Der Gastronom Roland Mary ist seit 1992 der Mann hinter dem berühmten Restaurant „Borchardt“ in Berlin, das sich am Gendarmenmarkt befindet. Mary, der auch eine bunte berufliche Vergangenheit hat, darunter als Optiker und Kfz-Mechaniker, zeigt mit seinem Restaurant, wie eng Gastronomie mit der Berliner Polit- und Prominentenszene verwoben ist. In den letzten 33 Jahren hat „Borchardt“ zahlreiche gesellschaftliche Veränderungen miterlebt und ist bekannt als ein Ort, an dem Politiker Strategien planen und sich Lobbyisten mit Journalisten austauschen. Mary selbst bezeichnet sein Restaurant als bodenständiger, als es oft wahrgenommen wird, trotz des Rufs als Prominentenladen. „Der Erfolg des Borchardt hängt eng mit dem Zuzug der Politik nach Berlin zusammen“, erklärt er in einem Interview mit Welt.
Das Restaurant hat Platz für 187 Gäste und strahlt ein klassisch pariserisches Ambiente aus. Mary behandelt alle seine Gäste gleich und vermeidet Machtspiele im Restaurant, indem er sich auf das Gefühl seines Teams verlässt, anstatt spezielle Gästebetreuung oder -kuration zu implementieren. „Das Borchardt zieht eine diverse Klientel an“, sagt Mary, der selbst gerne einfache Kleidung trägt und keine Vorurteile gegenüber seinen Gästen hegt. „Hier finden sich Russen, Amerikaner, Philosophen, Promi-Friseure, Schauspieler, Politiker und Geschäftsleute“, fügt er hinzu. Zwar mag er die Bezeichnung „Promi-Lokal“ nicht, erkennt jedoch die wichtige Rolle an, die das „Borchardt“ für die Stadt spielt.

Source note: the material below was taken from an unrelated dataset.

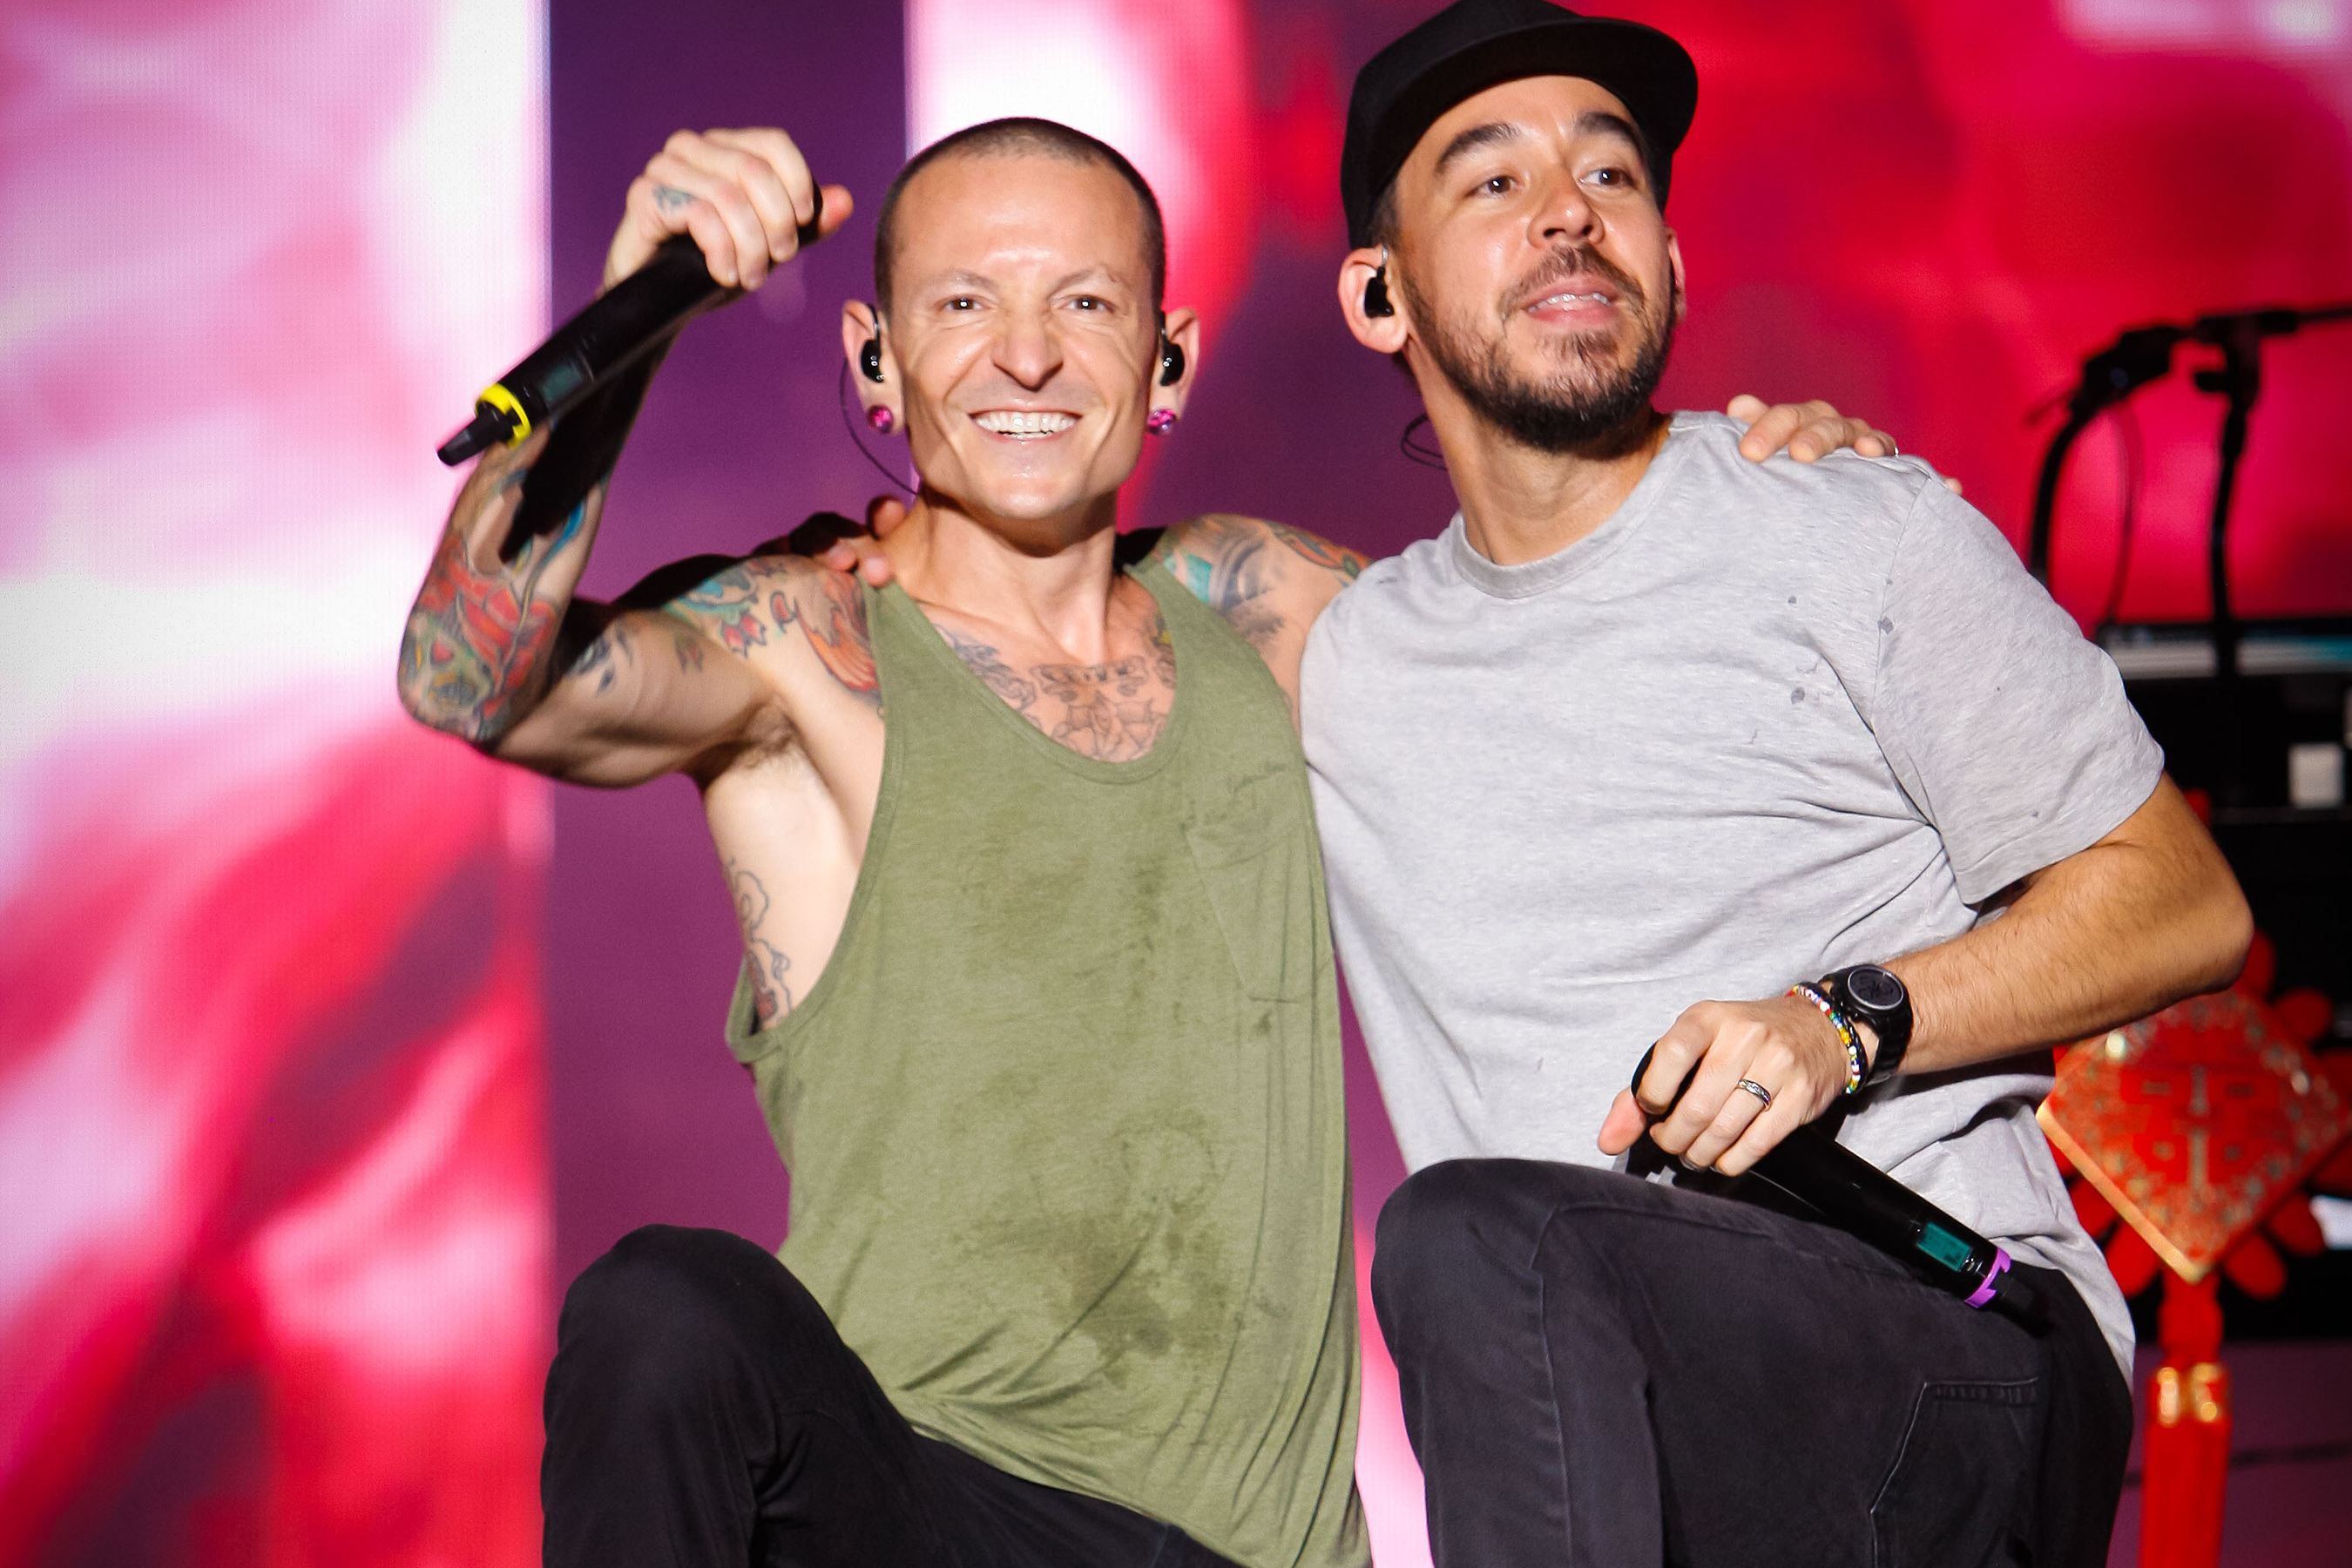 En este momento estás viendo Integrante de Linkin Park lanza canciones en recuerdo de Chester Bennington

Ein Teil der Berliner Gastronomiegeschichte
Die lange Geschichte des „Borchardt“ reicht bis zu einem Delikatessen- und Weingeschäft aus dem Jahr 1853 zurück. In der Vergangenheit hat Roland Mary auch andere Restaurants betrieben, darunter „Pan Asia“ und „San Nicci“. Aktuell plant er keine Expansion in internationale Städte wie Dubai oder Singapur, sondern konzentriert sich auf ein Hotelprojekt in Wandlitz. In seinem Restaurant hat Mary eine Belegschaft von 380 Angestellten, was die Bedeutung des „Borchardt“ für die Wirtschaft der Region unterstreicht.
Mary’s Beobachtungen zu den Gästegruppen sind ebenfalls aufschlussreich. Er beschreibt drei Typen von russischen Gästen, die in das „Borchardt“ kommen: aggressive Typen, übertrieben modisch gekleidete Personen und freundliche Gäste. Diese Bemerkungen zeigen, dass Mary den menschlichen Charakter seiner Umgebung beobachtet und wertschätzt.
Die Berliner Gastronomieszene im Fokus
Parallel zur Geschichte des „Borchardt“ hat die Berliner Gastronomieszene an Bedeutung gewonnen. Dies wird auch im Buch „Faces of Gastronomy“ deutlich, das von Melanie Greim, Robert Schlesinger und Hinnerk Clausen initiiert wurde. Das Buch, das im Oktober 2022 veröffentlicht wurde, beleuchtet die Geschichten und Visionen hinter den Gaststätten der Stadt und stellt Gastgeber wie Mary in den Mittelpunkt der Narration. Es wurde im Selbstverlag veröffentlicht, um eine breite internationale Leserschaft zu erreichen, und zeigt die familiäre Atmosphäre, die in der Berliner Gastronomie während der Corona-Pandemie entstand. Die Autoren suchten nicht nur nach Informationen über das Essen, sondern auch nach den Menschen, die hinter den gastronomischen Orten stehen.
Roland Mary und sein „Borchardt“ sind somit nicht nur Teil der kulinarischen Geschichte Berlins, sondern stehen auch für die gesellschaftlichen Veränderungen der Stadt selbst. In einer Stadt, die für ihre Vielfalt und ihren dynamischen Geist bekannt ist, bleibt das „Borchardt“ ein unverzichtbarer Ankerpunkt. Die Mischung der Gäste und die zentrale Bedeutung des Restaurants für die politischen und kulturellen Abläufe in Berlin verdeutlichen, warum das „Borchardt“ bis heute eines der beliebtesten Gastronomieziele ist.